** EXTRACTED MATERIAL **
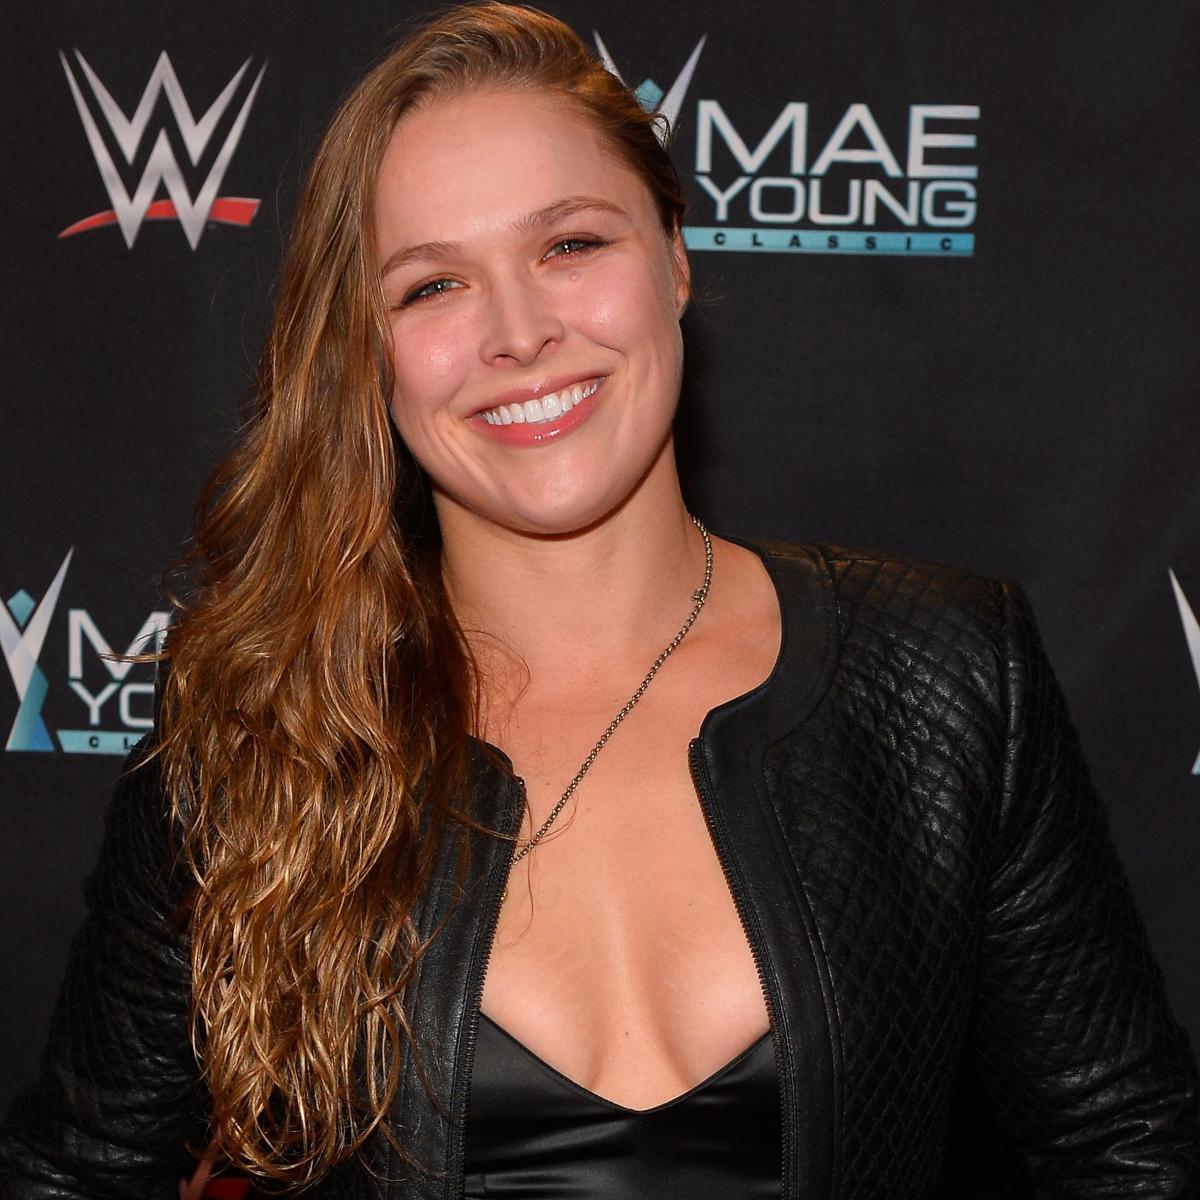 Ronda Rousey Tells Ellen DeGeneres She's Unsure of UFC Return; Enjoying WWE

---

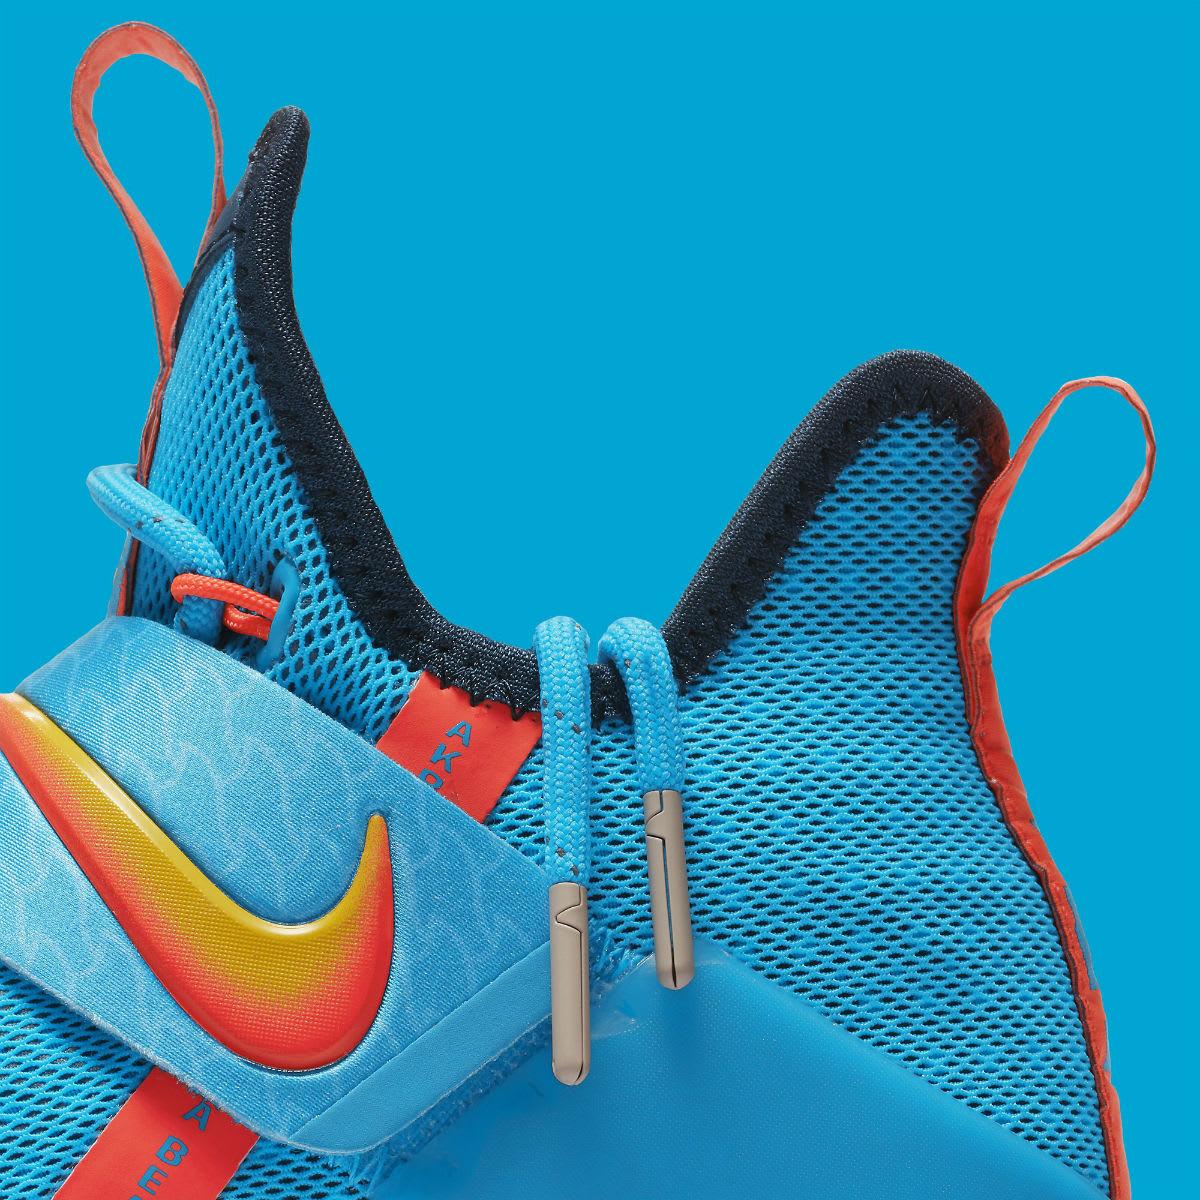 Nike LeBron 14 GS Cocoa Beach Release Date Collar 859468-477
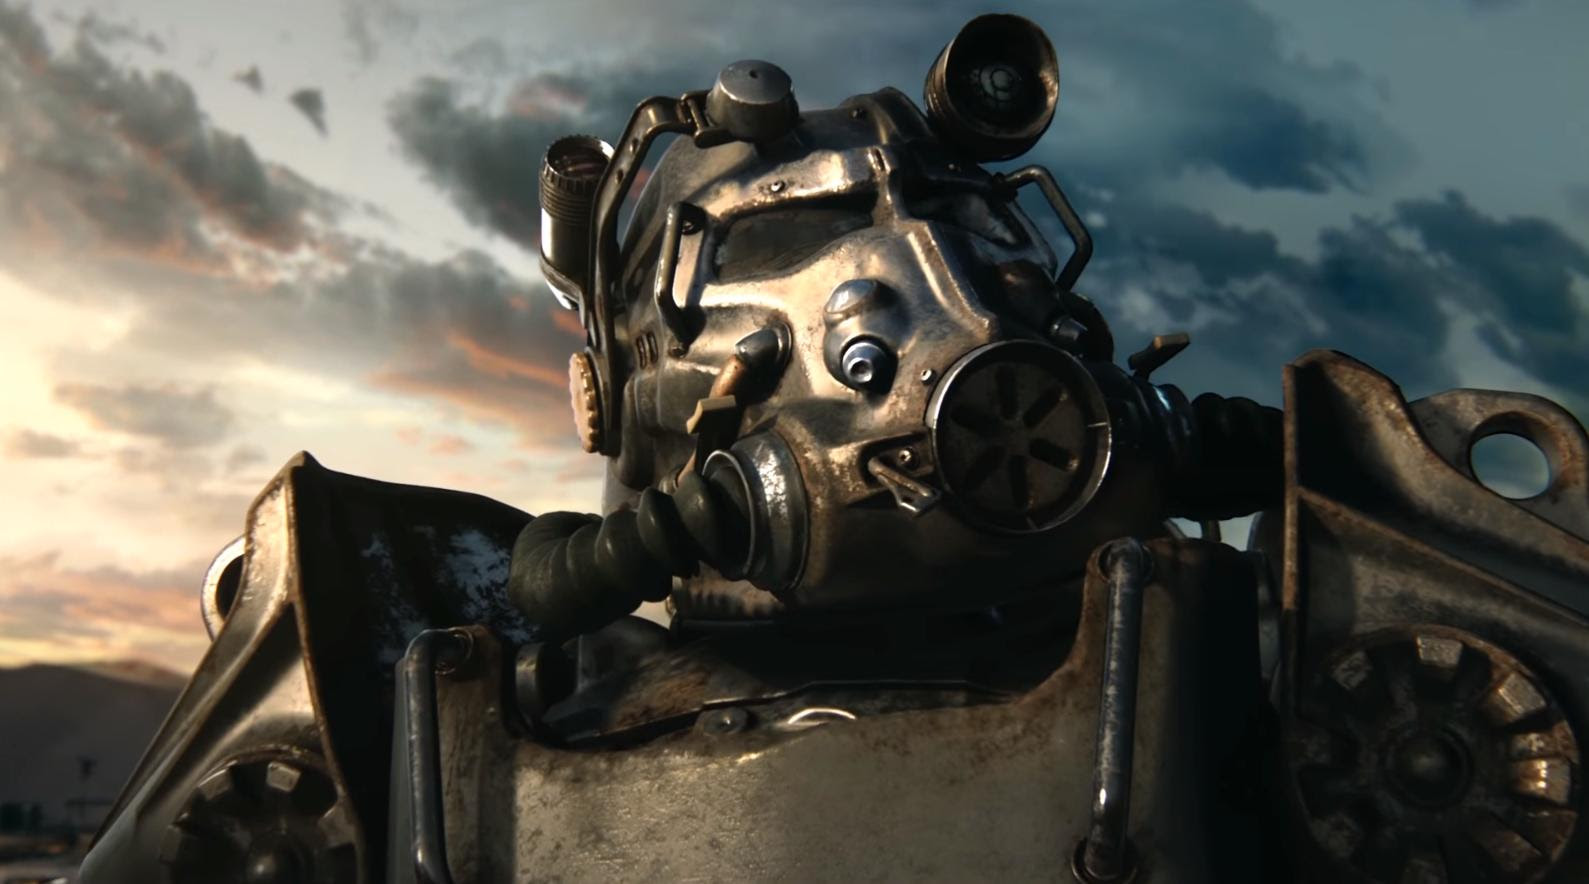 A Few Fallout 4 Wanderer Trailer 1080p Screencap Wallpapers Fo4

** PROBLEM **
Retype, exactly and with no pictures, everything above from the line with "Nike LeBron 14" down to the line with "A Few Fallout", both included.

** TASK SOLUTION **
 Nike LeBron 14 GS Cocoa Beach Release Date Collar 859468-477
 A Few Fallout 4 Wanderer Trailer 1080p Screencap Wallpapers Fo4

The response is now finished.